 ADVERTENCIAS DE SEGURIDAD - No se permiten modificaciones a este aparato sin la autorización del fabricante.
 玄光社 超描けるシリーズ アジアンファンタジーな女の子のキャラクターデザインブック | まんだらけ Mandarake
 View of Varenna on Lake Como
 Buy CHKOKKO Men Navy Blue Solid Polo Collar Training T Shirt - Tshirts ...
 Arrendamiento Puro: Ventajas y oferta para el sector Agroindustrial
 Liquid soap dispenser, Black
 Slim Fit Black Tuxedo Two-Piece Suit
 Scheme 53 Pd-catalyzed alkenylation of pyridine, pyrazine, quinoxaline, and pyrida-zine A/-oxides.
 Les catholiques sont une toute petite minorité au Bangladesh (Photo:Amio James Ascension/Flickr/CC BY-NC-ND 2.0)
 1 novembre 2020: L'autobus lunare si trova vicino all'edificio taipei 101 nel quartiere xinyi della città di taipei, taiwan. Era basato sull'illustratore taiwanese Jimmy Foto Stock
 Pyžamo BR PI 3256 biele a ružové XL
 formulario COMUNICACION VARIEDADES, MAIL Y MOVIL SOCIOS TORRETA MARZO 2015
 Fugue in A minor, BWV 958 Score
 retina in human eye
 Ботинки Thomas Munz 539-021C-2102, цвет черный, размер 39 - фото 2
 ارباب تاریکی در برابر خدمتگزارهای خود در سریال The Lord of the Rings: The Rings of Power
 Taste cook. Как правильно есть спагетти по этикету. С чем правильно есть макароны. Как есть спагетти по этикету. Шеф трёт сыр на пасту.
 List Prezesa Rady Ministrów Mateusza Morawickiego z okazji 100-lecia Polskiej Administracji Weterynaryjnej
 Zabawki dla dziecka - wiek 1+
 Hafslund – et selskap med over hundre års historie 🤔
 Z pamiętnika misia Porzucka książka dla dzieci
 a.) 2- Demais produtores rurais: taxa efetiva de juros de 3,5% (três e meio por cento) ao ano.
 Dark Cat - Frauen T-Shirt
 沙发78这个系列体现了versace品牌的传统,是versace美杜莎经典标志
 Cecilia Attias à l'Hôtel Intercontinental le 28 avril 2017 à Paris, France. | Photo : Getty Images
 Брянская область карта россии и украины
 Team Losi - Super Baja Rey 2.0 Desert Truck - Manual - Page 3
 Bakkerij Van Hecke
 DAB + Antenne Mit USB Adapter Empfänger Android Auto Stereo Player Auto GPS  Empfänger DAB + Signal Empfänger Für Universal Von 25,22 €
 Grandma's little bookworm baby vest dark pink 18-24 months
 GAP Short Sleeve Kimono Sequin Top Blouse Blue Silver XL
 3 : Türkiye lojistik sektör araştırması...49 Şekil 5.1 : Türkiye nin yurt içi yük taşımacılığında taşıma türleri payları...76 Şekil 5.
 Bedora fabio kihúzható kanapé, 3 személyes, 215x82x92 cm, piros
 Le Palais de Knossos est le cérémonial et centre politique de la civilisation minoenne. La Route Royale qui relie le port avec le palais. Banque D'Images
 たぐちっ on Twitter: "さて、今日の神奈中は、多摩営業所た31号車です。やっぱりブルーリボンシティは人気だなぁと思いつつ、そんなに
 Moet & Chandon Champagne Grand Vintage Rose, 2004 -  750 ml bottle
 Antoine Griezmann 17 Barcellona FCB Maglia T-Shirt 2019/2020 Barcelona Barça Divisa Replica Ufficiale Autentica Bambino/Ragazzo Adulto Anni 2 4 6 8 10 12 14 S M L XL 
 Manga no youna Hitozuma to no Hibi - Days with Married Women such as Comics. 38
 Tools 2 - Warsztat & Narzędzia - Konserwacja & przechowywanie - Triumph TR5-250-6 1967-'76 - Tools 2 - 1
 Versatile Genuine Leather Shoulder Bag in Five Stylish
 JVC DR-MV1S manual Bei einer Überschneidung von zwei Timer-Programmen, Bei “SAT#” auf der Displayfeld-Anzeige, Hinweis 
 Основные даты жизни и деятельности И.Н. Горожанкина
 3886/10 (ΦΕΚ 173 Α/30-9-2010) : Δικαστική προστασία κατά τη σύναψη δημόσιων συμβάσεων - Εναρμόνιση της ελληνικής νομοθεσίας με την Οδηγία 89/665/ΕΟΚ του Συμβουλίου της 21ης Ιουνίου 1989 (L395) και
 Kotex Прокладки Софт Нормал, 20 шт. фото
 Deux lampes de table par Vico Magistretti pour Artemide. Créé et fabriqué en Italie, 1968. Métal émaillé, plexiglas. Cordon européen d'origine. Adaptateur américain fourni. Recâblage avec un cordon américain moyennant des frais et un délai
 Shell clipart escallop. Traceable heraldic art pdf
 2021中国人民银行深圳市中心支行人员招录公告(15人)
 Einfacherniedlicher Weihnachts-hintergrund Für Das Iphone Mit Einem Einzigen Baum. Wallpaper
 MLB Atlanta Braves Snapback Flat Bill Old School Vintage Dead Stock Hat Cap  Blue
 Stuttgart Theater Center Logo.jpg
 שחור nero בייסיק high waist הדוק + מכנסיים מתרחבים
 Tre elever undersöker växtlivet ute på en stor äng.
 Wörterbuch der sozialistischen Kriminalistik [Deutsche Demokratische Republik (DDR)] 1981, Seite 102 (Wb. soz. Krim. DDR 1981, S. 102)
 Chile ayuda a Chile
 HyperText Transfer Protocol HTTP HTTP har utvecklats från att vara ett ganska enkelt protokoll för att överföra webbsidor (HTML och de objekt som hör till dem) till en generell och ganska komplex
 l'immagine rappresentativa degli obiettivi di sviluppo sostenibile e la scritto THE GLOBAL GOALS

TASK BRIEF.
Would you please repeat all the entries exactly as written?

YOUR SOLUTION.
 ADVERTENCIAS DE SEGURIDAD - No se permiten modificaciones a este aparato sin la autorización del fabricante.
 玄光社 超描けるシリーズ アジアンファンタジーな女の子のキャラクターデザインブック | まんだらけ Mandarake
 View of Varenna on Lake Como
 Buy CHKOKKO Men Navy Blue Solid Polo Collar Training T Shirt - Tshirts ...
 Arrendamiento Puro: Ventajas y oferta para el sector Agroindustrial
 Liquid soap dispenser, Black
 Slim Fit Black Tuxedo Two-Piece Suit
 Scheme 53 Pd-catalyzed alkenylation of pyridine, pyrazine, quinoxaline, and pyrida-zine A/-oxides.
 Les catholiques sont une toute petite minorité au Bangladesh (Photo:Amio James Ascension/Flickr/CC BY-NC-ND 2.0)
 1 novembre 2020: L'autobus lunare si trova vicino all'edificio taipei 101 nel quartiere xinyi della città di taipei, taiwan. Era basato sull'illustratore taiwanese Jimmy Foto Stock
 Pyžamo BR PI 3256 biele a ružové XL
 formulario COMUNICACION VARIEDADES, MAIL Y MOVIL SOCIOS TORRETA MARZO 2015
 Fugue in A minor, BWV 958 Score
 retina in human eye
 Ботинки Thomas Munz 539-021C-2102, цвет черный, размер 39 - фото 2
 ارباب تاریکی در برابر خدمتگزارهای خود در سریال The Lord of the Rings: The Rings of Power
 Taste cook. Как правильно есть спагетти по этикету. С чем правильно есть макароны. Как есть спагетти по этикету. Шеф трёт сыр на пасту.
 List Prezesa Rady Ministrów Mateusza Morawickiego z okazji 100-lecia Polskiej Administracji Weterynaryjnej
 Zabawki dla dziecka - wiek 1+
 Hafslund – et selskap med over hundre års historie 🤔
 Z pamiętnika misia Porzucka książka dla dzieci
 a.) 2- Demais produtores rurais: taxa efetiva de juros de 3,5% (três e meio por cento) ao ano.
 Dark Cat - Frauen T-Shirt
 沙发78这个系列体现了versace品牌的传统,是versace美杜莎经典标志
 Cecilia Attias à l'Hôtel Intercontinental le 28 avril 2017 à Paris, France. | Photo : Getty Images
 Брянская область карта россии и украины
 Team Losi - Super Baja Rey 2.0 Desert Truck - Manual - Page 3
 Bakkerij Van Hecke
 DAB + Antenne Mit USB Adapter Empfänger Android Auto Stereo Player Auto GPS  Empfänger DAB + Signal Empfänger Für Universal Von 25,22 €
 Grandma's little bookworm baby vest dark pink 18-24 months
 GAP Short Sleeve Kimono Sequin Top Blouse Blue Silver XL
 3 : Türkiye lojistik sektör araştırması...49 Şekil 5.1 : Türkiye nin yurt içi yük taşımacılığında taşıma türleri payları...76 Şekil 5.
 Bedora fabio kihúzható kanapé, 3 személyes, 215x82x92 cm, piros
 Le Palais de Knossos est le cérémonial et centre politique de la civilisation minoenne. La Route Royale qui relie le port avec le palais. Banque D'Images
 たぐちっ on Twitter: "さて、今日の神奈中は、多摩営業所た31号車です。やっぱりブルーリボンシティは人気だなぁと思いつつ、そんなに
 Moet & Chandon Champagne Grand Vintage Rose, 2004 -  750 ml bottle
 Antoine Griezmann 17 Barcellona FCB Maglia T-Shirt 2019/2020 Barcelona Barça Divisa Replica Ufficiale Autentica Bambino/Ragazzo Adulto Anni 2 4 6 8 10 12 14 S M L XL 
 Manga no youna Hitozuma to no Hibi - Days with Married Women such as Comics. 38
 Tools 2 - Warsztat & Narzędzia - Konserwacja & przechowywanie - Triumph TR5-250-6 1967-'76 - Tools 2 - 1
 Versatile Genuine Leather Shoulder Bag in Five Stylish
 JVC DR-MV1S manual Bei einer Überschneidung von zwei Timer-Programmen, Bei “SAT#” auf der Displayfeld-Anzeige, Hinweis 
 Основные даты жизни и деятельности И.Н. Горожанкина
 3886/10 (ΦΕΚ 173 Α/30-9-2010) : Δικαστική προστασία κατά τη σύναψη δημόσιων συμβάσεων - Εναρμόνιση της ελληνικής νομοθεσίας με την Οδηγία 89/665/ΕΟΚ του Συμβουλίου της 21ης Ιουνίου 1989 (L395) και
 Kotex Прокладки Софт Нормал, 20 шт. фото
 Deux lampes de table par Vico Magistretti pour Artemide. Créé et fabriqué en Italie, 1968. Métal émaillé, plexiglas. Cordon européen d'origine. Adaptateur américain fourni. Recâblage avec un cordon américain moyennant des frais et un délai
 Shell clipart escallop. Traceable heraldic art pdf
 2021中国人民银行深圳市中心支行人员招录公告(15人)
 Einfacherniedlicher Weihnachts-hintergrund Für Das Iphone Mit Einem Einzigen Baum. Wallpaper
 MLB Atlanta Braves Snapback Flat Bill Old School Vintage Dead Stock Hat Cap  Blue
 Stuttgart Theater Center Logo.jpg
 שחור nero בייסיק high waist הדוק + מכנסיים מתרחבים
 Tre elever undersöker växtlivet ute på en stor äng.
 Wörterbuch der sozialistischen Kriminalistik [Deutsche Demokratische Republik (DDR)] 1981, Seite 102 (Wb. soz. Krim. DDR 1981, S. 102)
 Chile ayuda a Chile
 HyperText Transfer Protocol HTTP HTTP har utvecklats från att vara ett ganska enkelt protokoll för att överföra webbsidor (HTML och de objekt som hör till dem) till en generell och ganska komplex
 l'immagine rappresentativa degli obiettivi di sviluppo sostenibile e la scritto THE GLOBAL GOALS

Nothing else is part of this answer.